• _MATERIAL PROVIDED_
- Opening Delimiter -

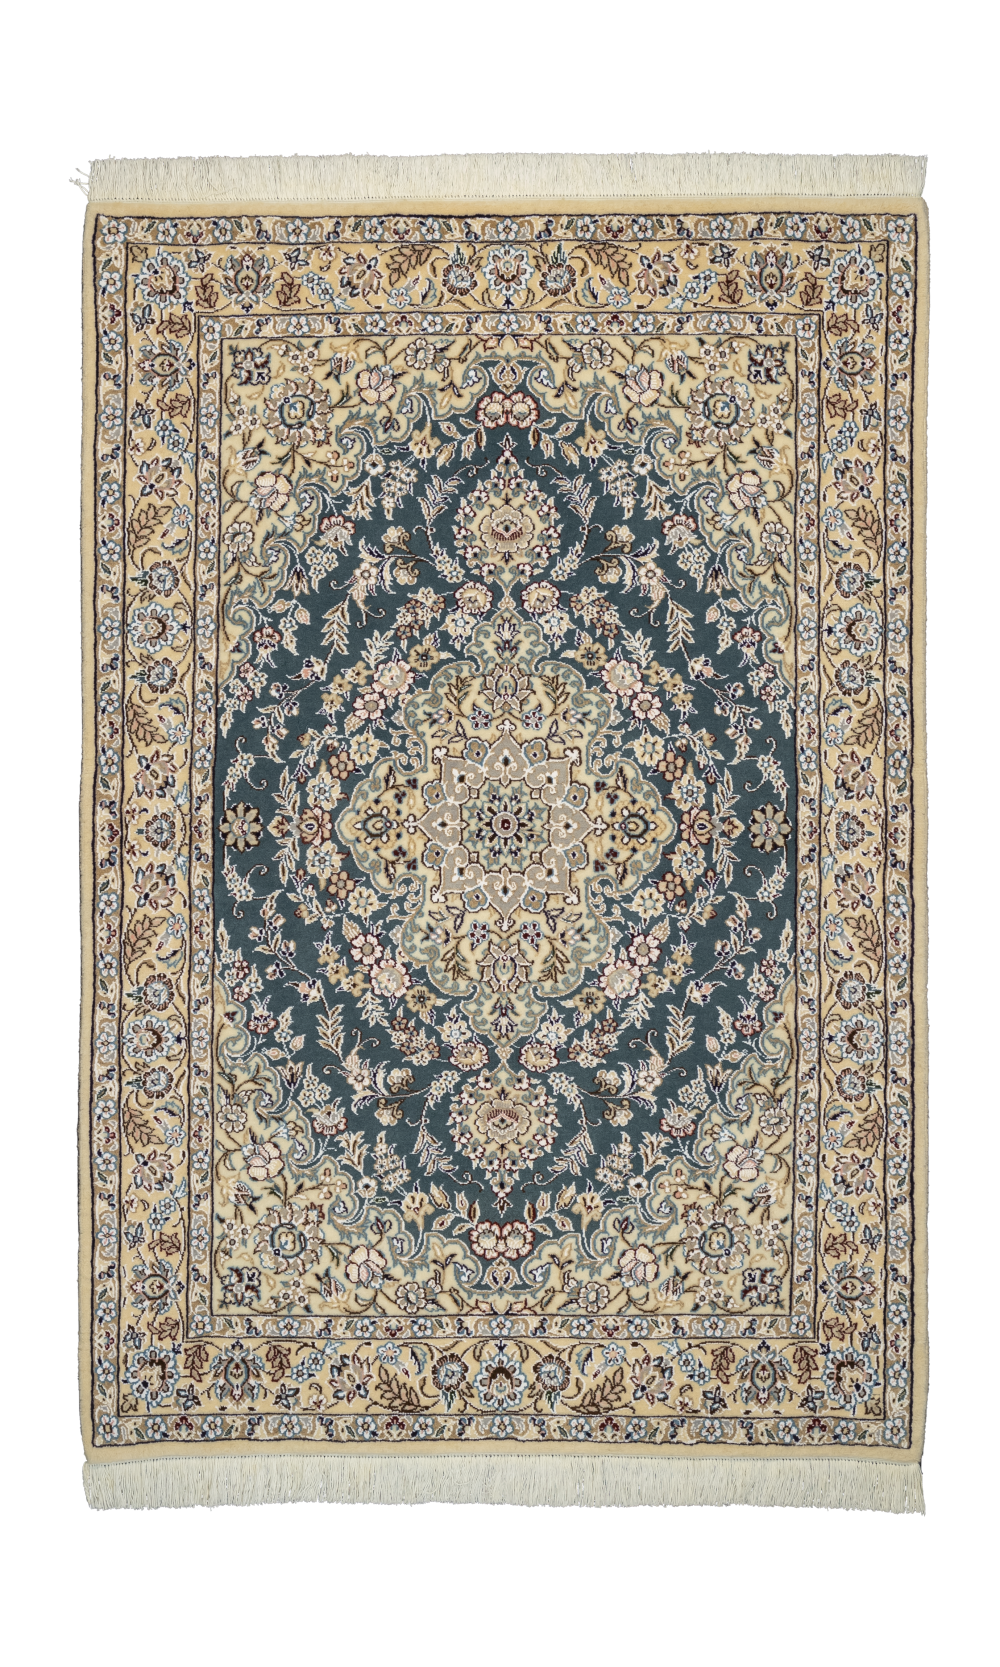 This Handmade Rug In Wool & Green color Naeen rug | 158x106 cm
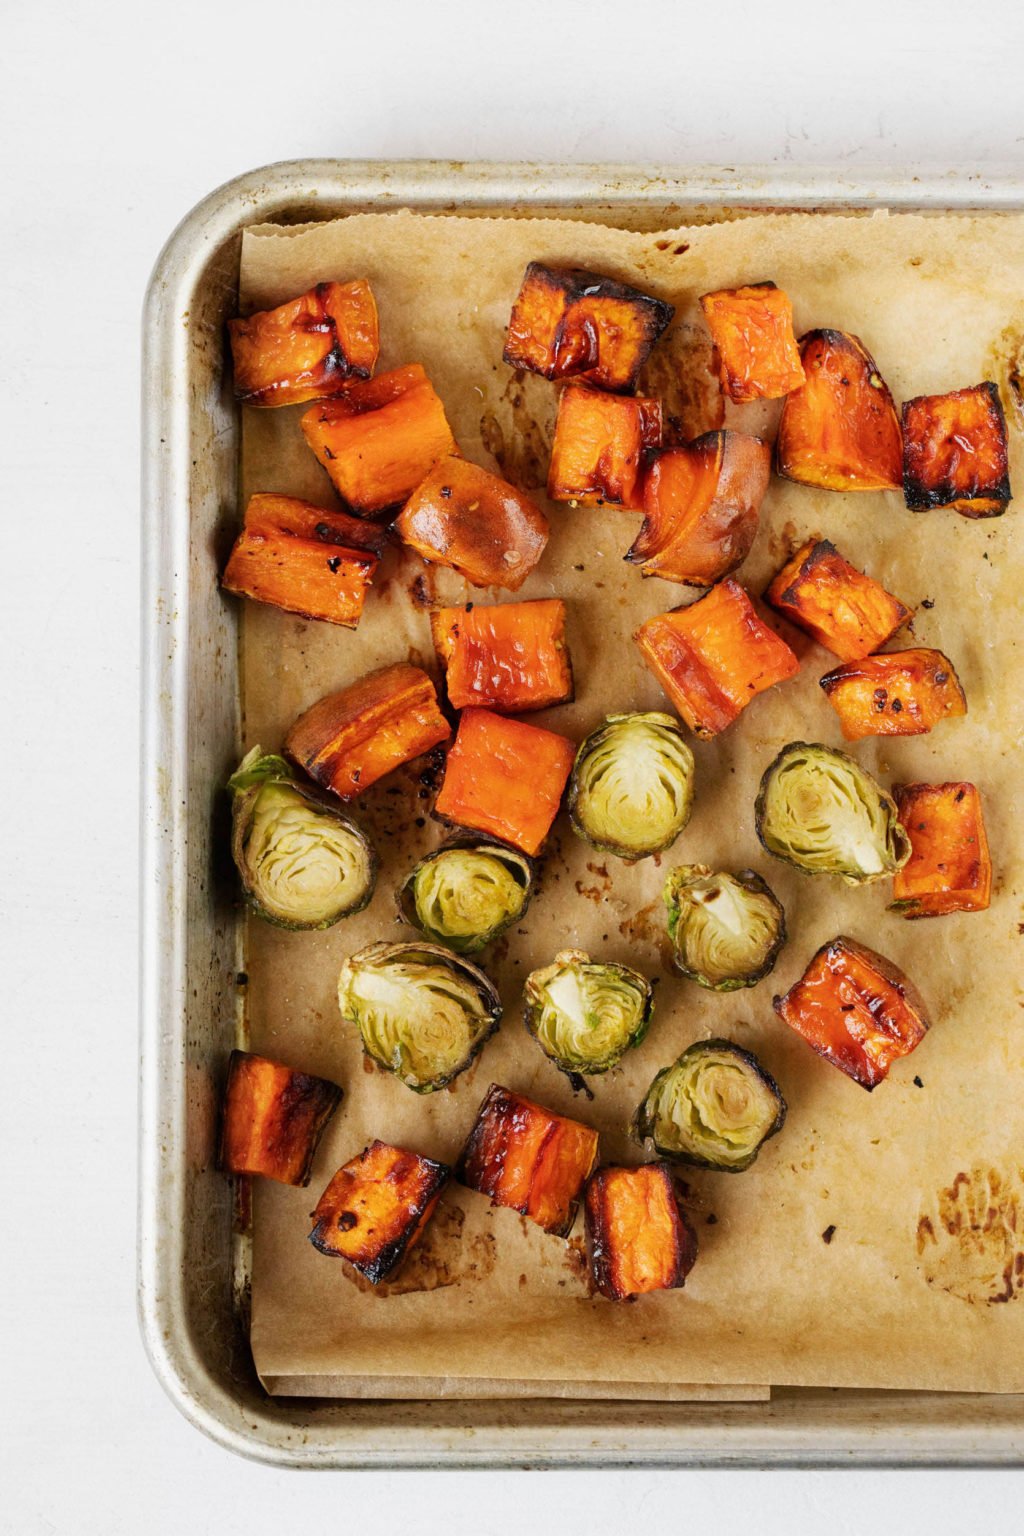 A baking sheet is covered in a layer of parchment, along with roasted sweet potatoes and Brussels sprouts.
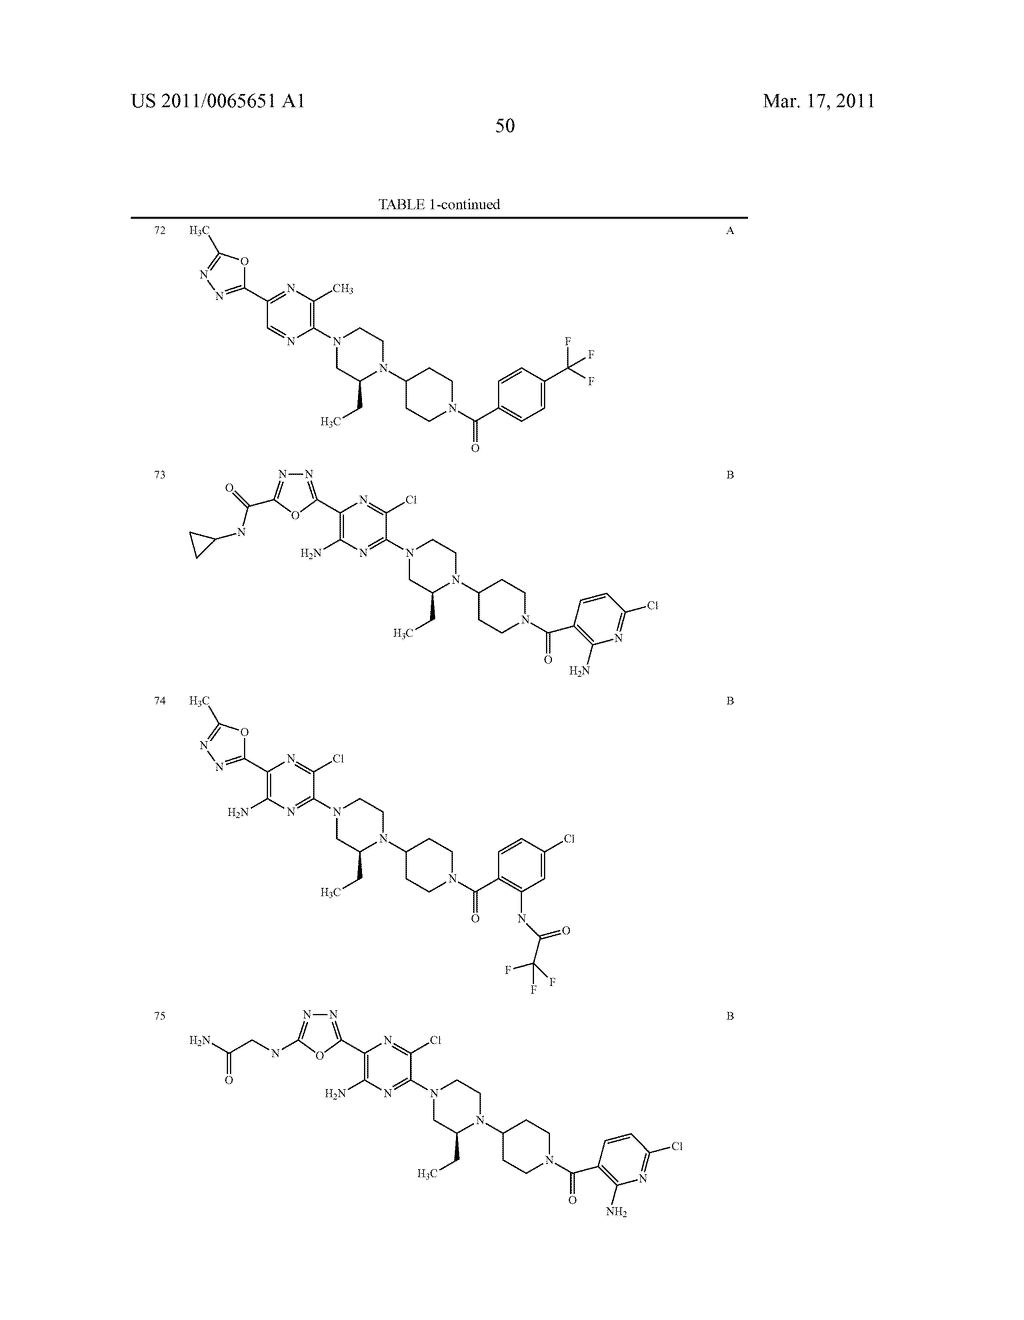 HETEROCYCLIC SUBSTITUTED PIPERAZINES WITH CXCR3 ANTAGONIST ACTIVITY - diagram, schematic, and image 51
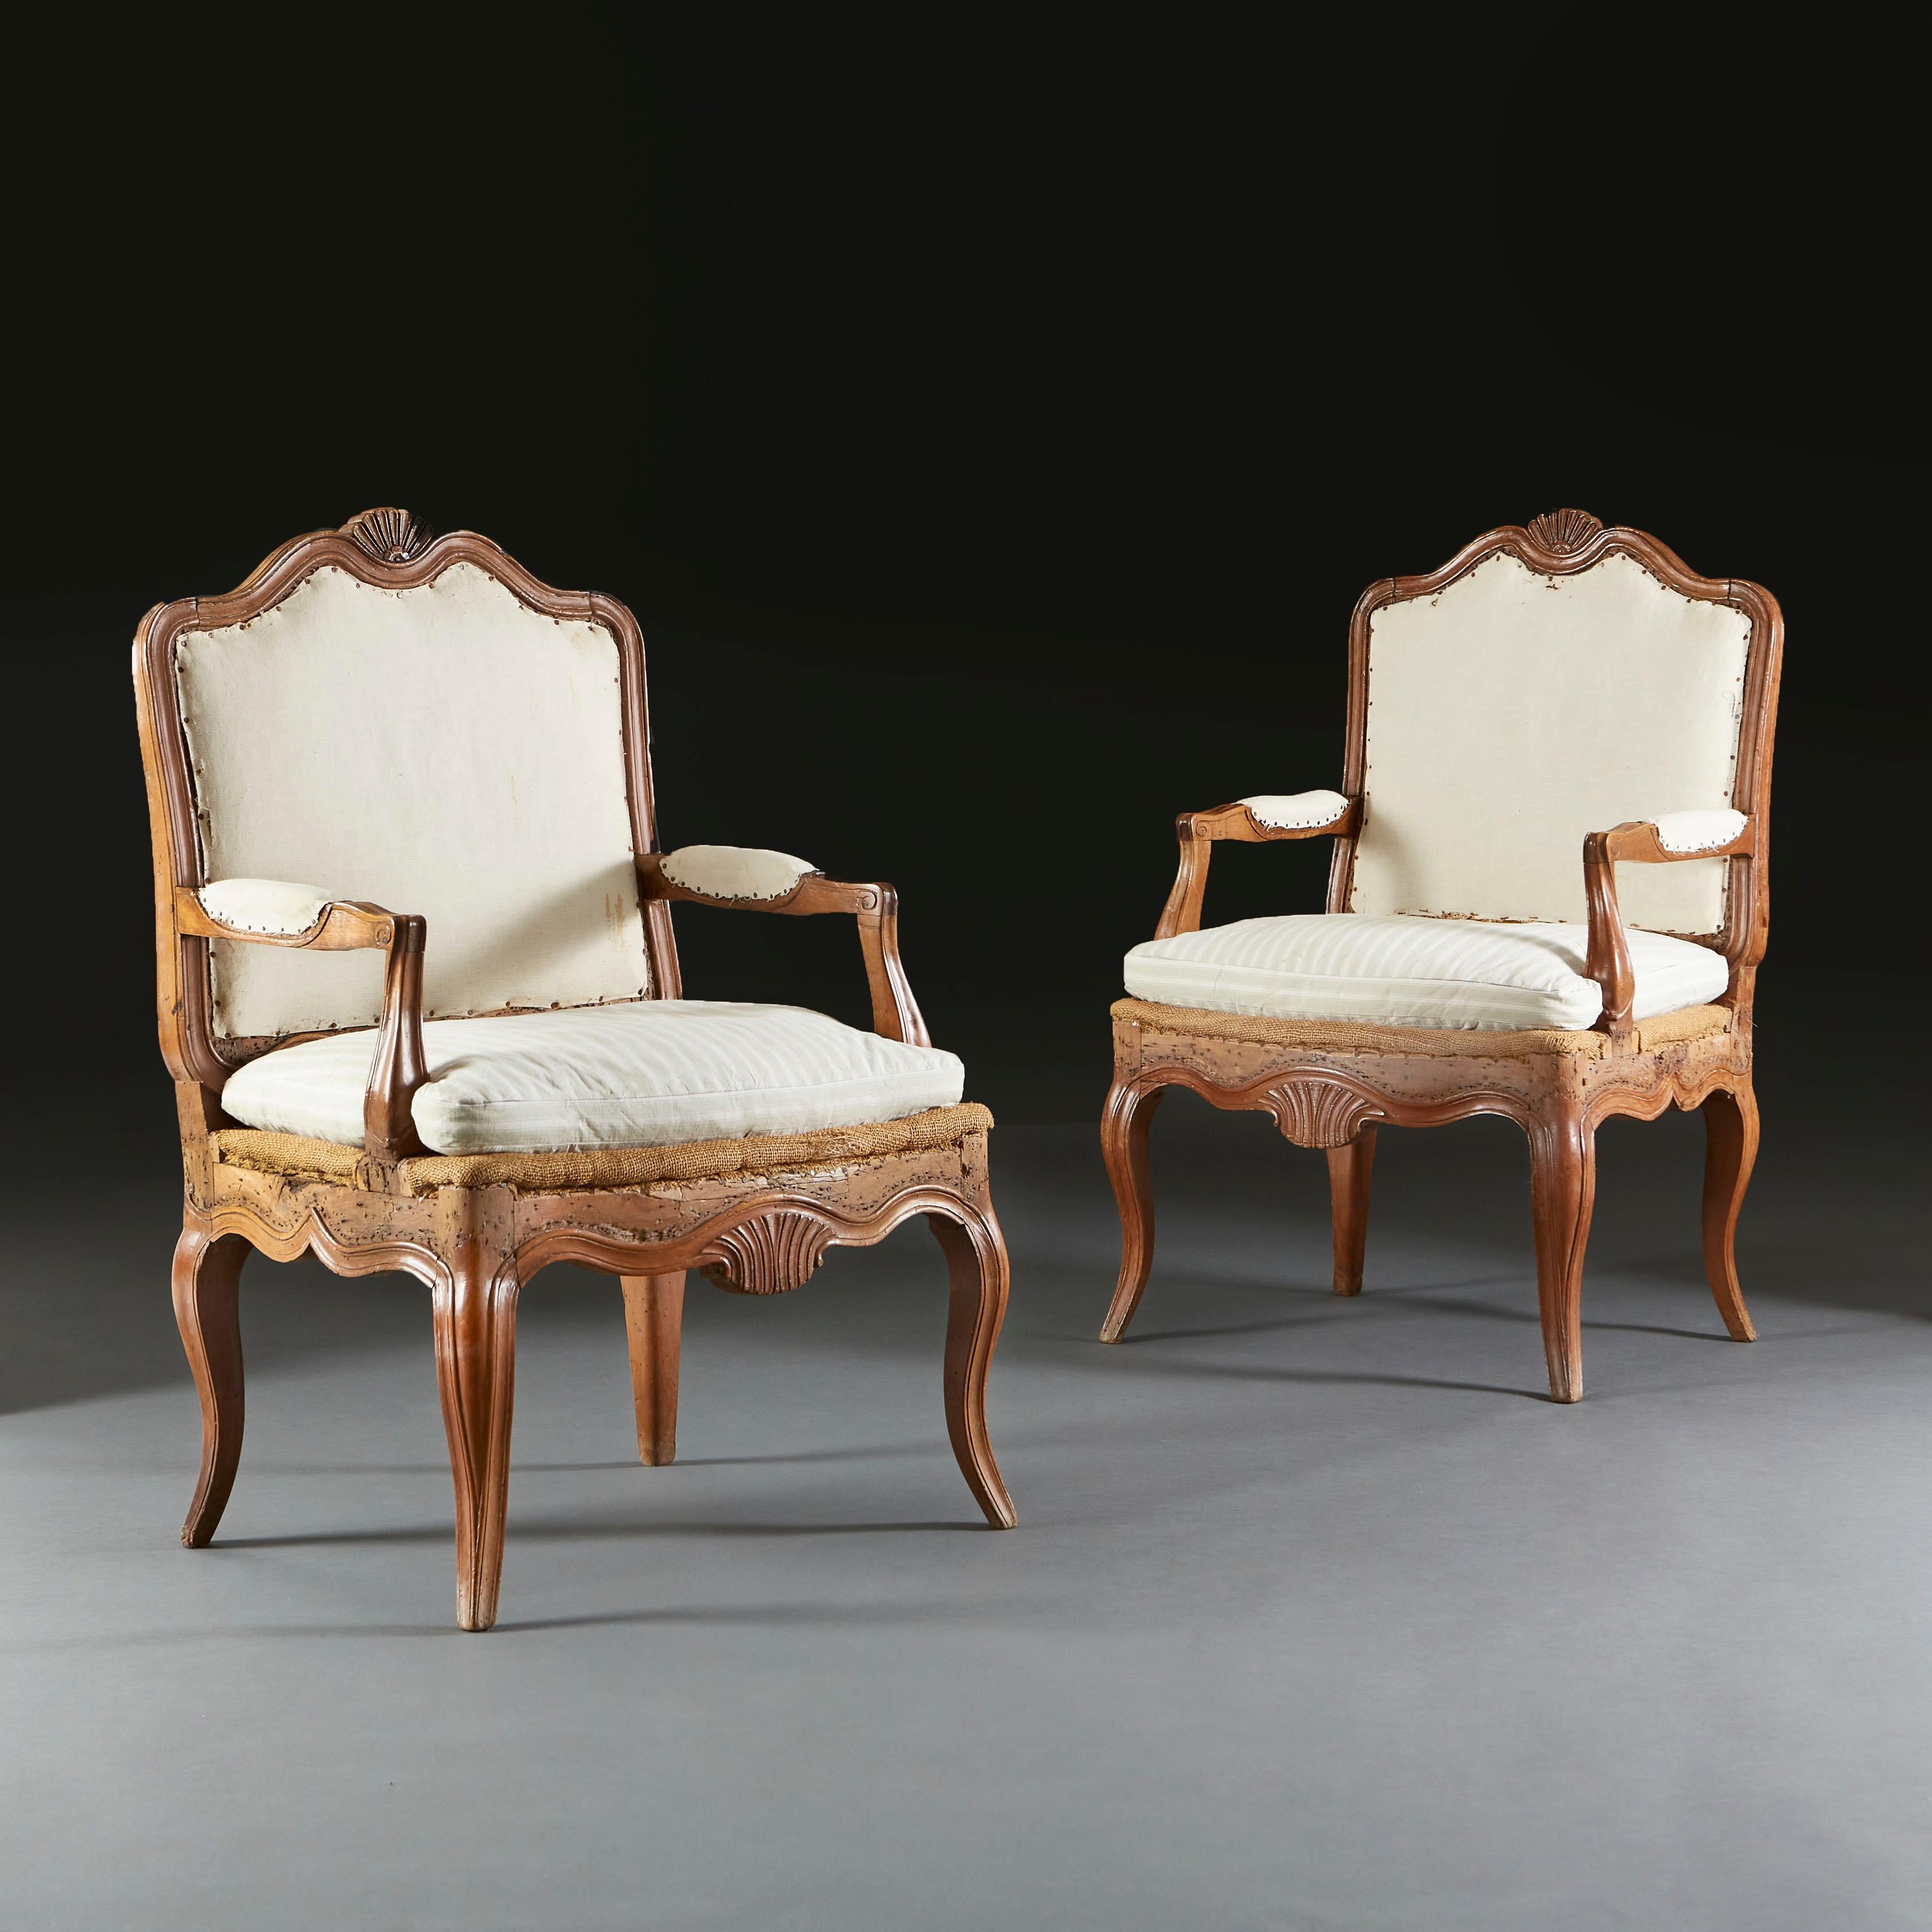 A pair of early nineteenth century walnut open armchairs with carved shells to the back seat rail, upholstered seats, all supported on four cabriole legs.

- Closing Delimiter -

Please reproduce all the material exactly. Pictures stay out of the copy.

 This Handmade Rug In Wool & Green color Naeen rug | 158x106 cm
 A baking sheet is covered in a layer of parchment, along with roasted sweet potatoes and Brussels sprouts.
 HETEROCYCLIC SUBSTITUTED PIPERAZINES WITH CXCR3 ANTAGONIST ACTIVITY - diagram, schematic, and image 51
 A pair of early nineteenth century walnut open armchairs with carved shells to the back seat rail, upholstered seats, all supported on four cabriole legs.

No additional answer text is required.